Again, maybe I'm wrong. But I'm putting my money where my mouth is. And I come on here and toss out my opinions in order to see if they can hold water.

For those interested, I direct them towards the following analysis.
http://americacanada.blogspot.com/2009/10/when-home-prices-rise.html
 
^That theory worked well as the prime lending rate fell from 18% to 2%.

No, this theory works within a framework of guaranteed inflation (via the Bank of Canada inflation target). Your fiat currency is not backed by anything other then the promise it will depreciate roughly 2% per year.

My earlier point was that the condo market is not currently oversupplied. Do you disagree?
 
One thing I wanted to point out is that people always want to use short 6-month trends to validate or refute ideas about what direction the market is taking. The problem with this is that 6-months is essentially insignificant. both the price drop last winter and the run-up in prices this summer are essentially insignificant events relative to the broader over-arching forces shaping the market.

A second point is that the direction of the market neither validates nor should condemn the actions an individual takes either personally or financially. Too many people draw a line of best-fit argument to validate their own actions instead of looking at the facts. Some people will benefit and some people will loose regardless of the direction of the market. However, you can bet that the majority of people benefiting or loosing from market direction will do so circumstantially, not through careful and accurate analysis of the situation.
 
My earlier point was that the condo market is not currently oversupplied. Do you disagree?

Currently, it is not. But by the end of 2010, it will certainly be way oversupplied. There have only been 3000 condo completions in the last 19 months in the Toronto Core, but over the next 17 months there will be 15 000! That is a 1000% increase....and it could get worse. If 30% of those condos are investor owned (a very conservative estimate) that's a lot of rental units, plus, many people moving into these condos are already renting condos - sometimes a couple - each renting a separate condo and then moving in together into another, thus opening up 2 condo's for the one built form.

Also, rents are currently 35% below where they should be to generate a decent (8%) return from an investment perspective. This leads me to believe that prices are overinflated.

I've put my money where my mouth is and sold my condo in May in order to lock in the equity. It's true that if I'd waited until now, I probably could have made another $10 000, but I was looking at a time horizon of needing the cash for another condo that will be completed by Nov 2010. At this point I expect there to be a correction in full swing. Especially amongst smaller units.

A couple other things to think about, and I apologize if anyone has read another post of mine that mentioned this. Until about 3 years ago, when you purchased a condo, you paid the market price for that unit as if you were buying it right then. You buy in August of 2006, you pay August 2006 market price - even if it won't be ready until 2011. You, not the builder, take the RE risk and hope that when it's finished you see an appreciation. The possibility for an upside is definitely there. Now, when you buy pre-construction, you are being asked to pay not what the unit is worth now, but a theoretical price that it will be worth when completed. The builders have removed any incentive for RE risk and taken all the presumptive appreciation for themselves. Costs for building are lower now than they were in 2006, but developers are charging 2x the price for the same stuff. New condo sales are still down 40% and while we hear of a recent surge, the fact is, very few properties have been launched over the past 12 months so the surge is happening in a much smaller market which might make it sound bigger.

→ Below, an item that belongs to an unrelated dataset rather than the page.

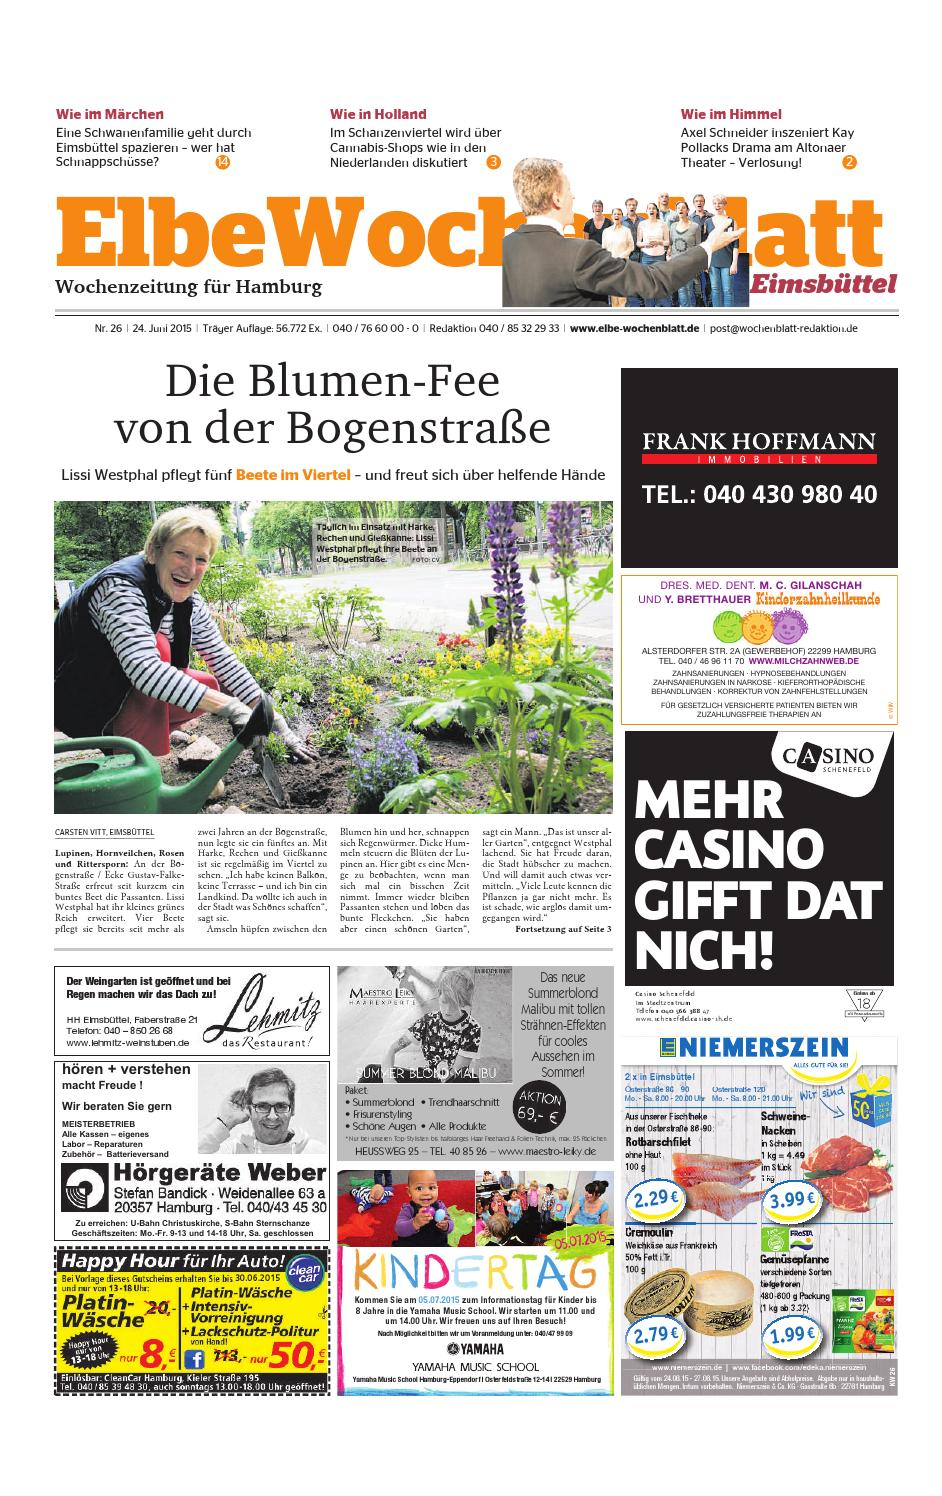 Eimsbüttel KW26-15 by Elbe Wochenblatt Verlagsgesellschaft mbH & Co.KG -  issuu
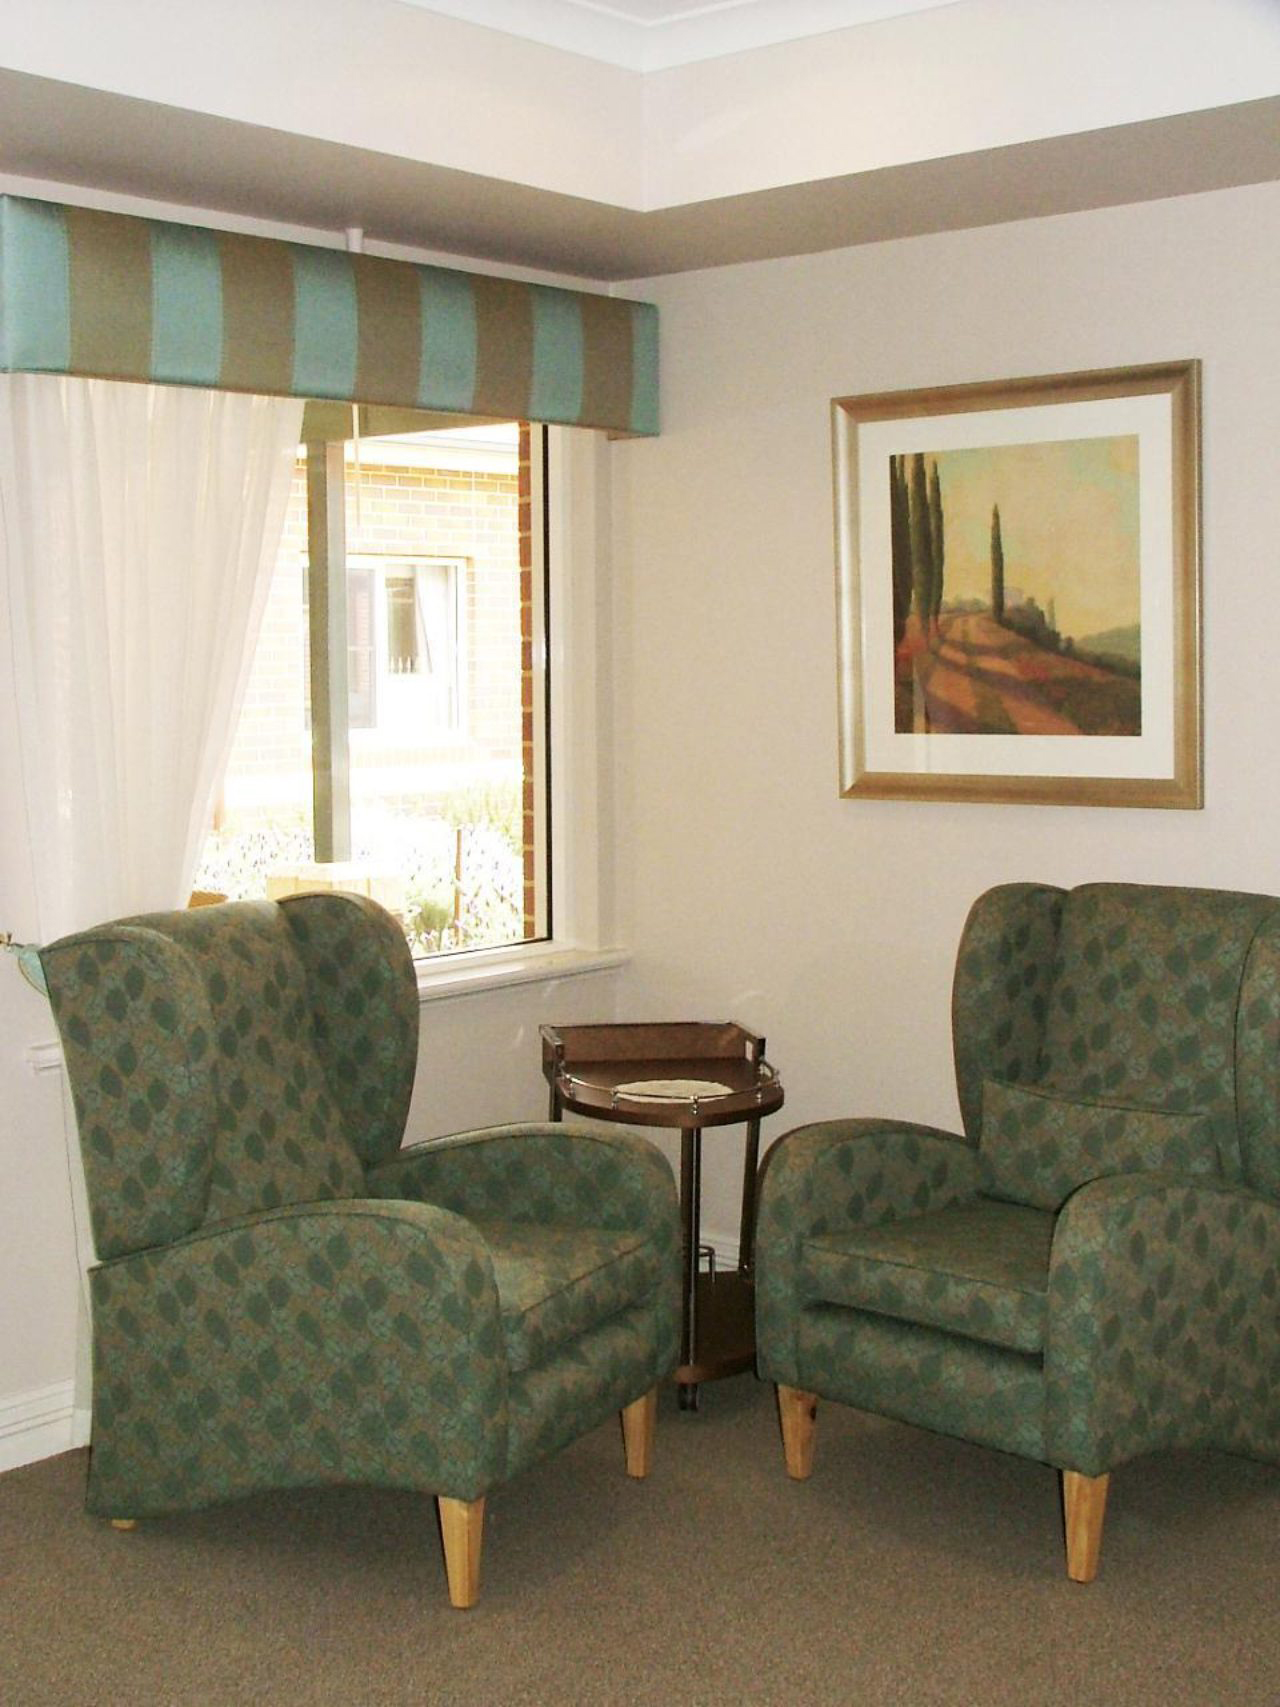 Juniper Annesley Residential Care, Bentley WA 6102 - Juniper Annesley Residential Care

I've totally flipped sides and while for the past 6 years I was big big big on condos and argued as much using the whole demographic change, the shift from actually wanting house to desiring a condo, immigation, etc. I think these new realities are not enough to counter the low interest rates/skyrocketing availability/high debt load problem, and we're in for a rude awakening that's going to start in about April.
 
You can't get 40 year mortgages any more. I don't even think you can get 35 year mortgages anymore.

And the conditions are pretty stringent for a 30 year mortgage. I am fairly sure that the few risky candidates who slipped through during the mortgage insurers war will work their way through the system without too much damage.

People forget that a big part of the market crash in the states was fraud (taking multiple mortgages to invest in various properties), a more severe recession, and higher personal debt loans which were often accompanied by higher interest rates (since unsecured LOCs are rare in the US). In general, Canadians banks have much stricter controls for fraud prevention, and regulate personal debt/credit more strictly and often provide the credit they do at lower interest rates. All that enhances stability here.

Toronto is not the next Miami. We might see some stagnation in prices if the recession plays out longer. Maybe even a slight decline (few percentage points). But we aren't going to see average condo/home prices drop to 120/220 like some have suggested here.
 
Currently, it is not. But by the end of 2010, it will certainly be way oversupplied. There have only been 3000 condo completions in the last 19 months in the Toronto Core, but over the next 17 months there will be 15 000! That is a 1000% increase....and it could get worse. If 30% of those condos are investor owned (a very conservative estimate) that's a lot of rental units, plus, many people moving into these condos are already renting condos - sometimes a couple - each renting a separate condo and then moving in together into another, thus opening up 2 condo's for the one built form.

Also, rents are currently 35% below where they should be to generate a decent (8%) return from an investment perspective. This leads me to believe that prices are overinflated.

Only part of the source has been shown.